La “Journée de la Mémoire”, Alessio Mazzaro, “Entre monuments, fausses nouvelles et contre-discourses. Pratiques de la mémoire et éducation à l'anti-fascisme et à l'anti-racisme”

Qu’est-ce que ‘La Journée de la Mémoire de l’Holocauste’? Le 27 janvier 1945 marque le jour de l'ouverture des barrières du camp d'Auschwitz. Ainsi, comme déclaré dans l’article 1 de la loi du 20 juillet 2000, n. 211, “La République italienne reconnaît que le 27 janvier, jour lors duquel furent abattues les portes d’Auschwitz, “Jour de la Mémoire” afin de se souvenir des victimes de la Shoah (génocide perpétré contre le peuple juif), des lois raciales, de la persécution italienne envers les citoyens juifs, des Italiens qui ont vécu la déportation, l’emprisonnement, la mort. Afin de ne pas oublier aussi ceux qui, même s'ils appartenaient à des camps et des alignements différents, se sont opposés au projet d'extermination, au risque et péril de leur vie, sauvant de nombreuses vies et protégeant les persécutés".

À l’occasion de la “Journée de la Mémoire de l’Holocauste 2019”, l'Institut Italien de Culture en collaboration avec le Département de sociologie de l'Université de Montréal organise une conférence: “Entre monuments, fausses nouvelles et contre-discourses. Pratiques de la mémoire et éducation à l'anti-fascisme et à l'anti-racisme”, tenue par Alessio Mazzaro.

Mercredi 30 janvier 2019, 12h30-14h
Université de Montréal
Département de sociologie, local C-5117
Pavillon Lionel-Groulx
3150,rue Jean Brillant
La conférence sera donnée en français

Cette présentation interroge les pratiques de la memoire et l’éducation à l’antifascisme et à l’antiracisme dans l’Italie contemporaine. Elle s’appuie sur deux constats: le fait que bientôt il n’y aura plus de survivants de l’Holocauste et l’idée, développé en particulier par Kristin Ross, que la subjectivité est un élement essentiel pour aborder l’histoire.
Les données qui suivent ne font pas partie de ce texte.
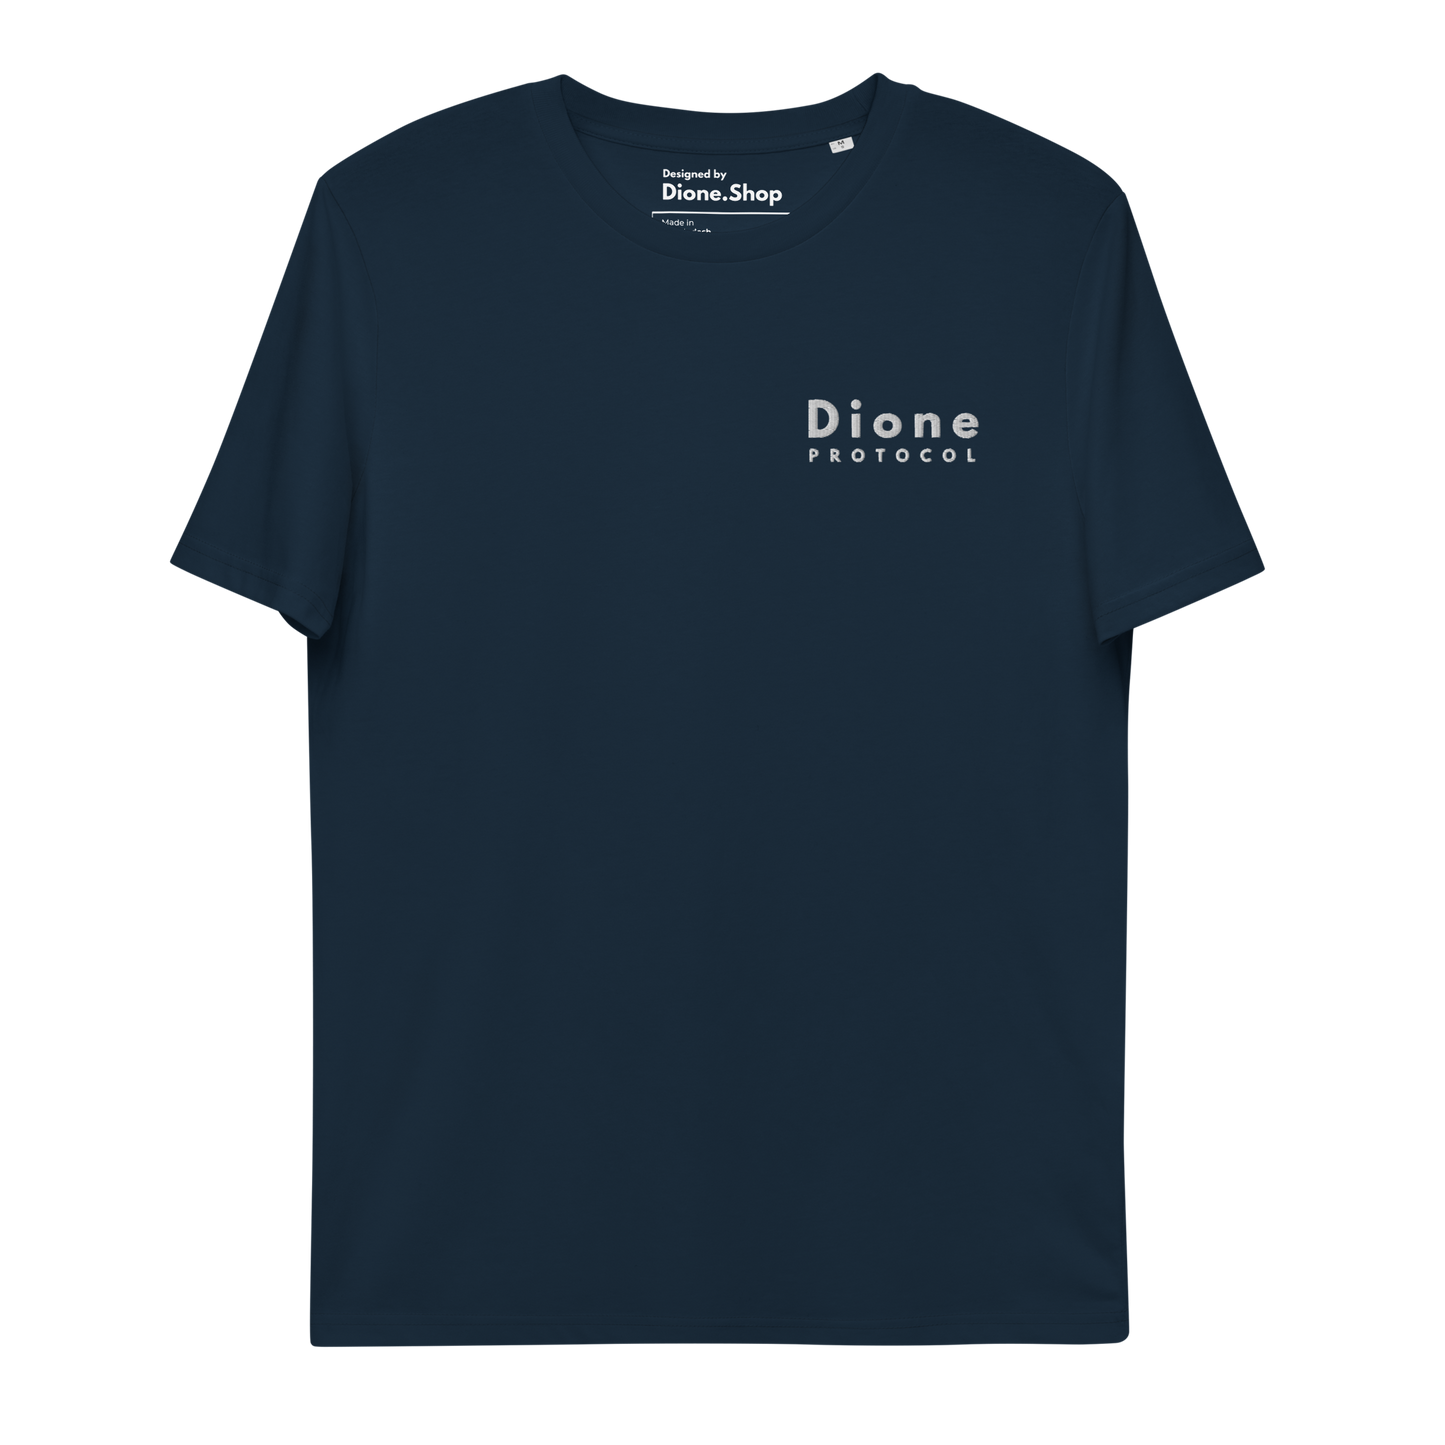 T-Shirt - Discreet V1.0 - Black, Navy, Grey - Premium

La presentation articulera en trois moments les enjeux de la memoire et son rémplacement par l’histoire, des exemples d’éducation à la memoire ainsi que de lutte antifasciste et antiraciste. Dans un premier temps, nous analyserons l’ambivalence des monuments à la mémoire à travers les théories de Pierre Nora et des théoriciens contemporains de la pratique artistique. Cet exemple, nous permettra de mettre en lumière l’état de la memoire en Europe et son remplacement par l’histoire, notamment à travers la création de célébrations et d’archives. La deuxième partie de la conférence portera sur l’éducation à la mémoire en tant que moyen de contrer les nouveaux fascismes, en présentant quelques expériences italiennes récentes en matière de lutte contre les faux historiques en ligne (altération de wikipedia, falsifications photographiques, fake news pour fausses mythologies). Finalement, seront illustrées des initiatives artistiques et culturelles entre education à la mémoire et lutte antiraciste, dont l’experience triestine et européenne d’Edinost, projet éditorial dirigé par Alessio Mazzaro.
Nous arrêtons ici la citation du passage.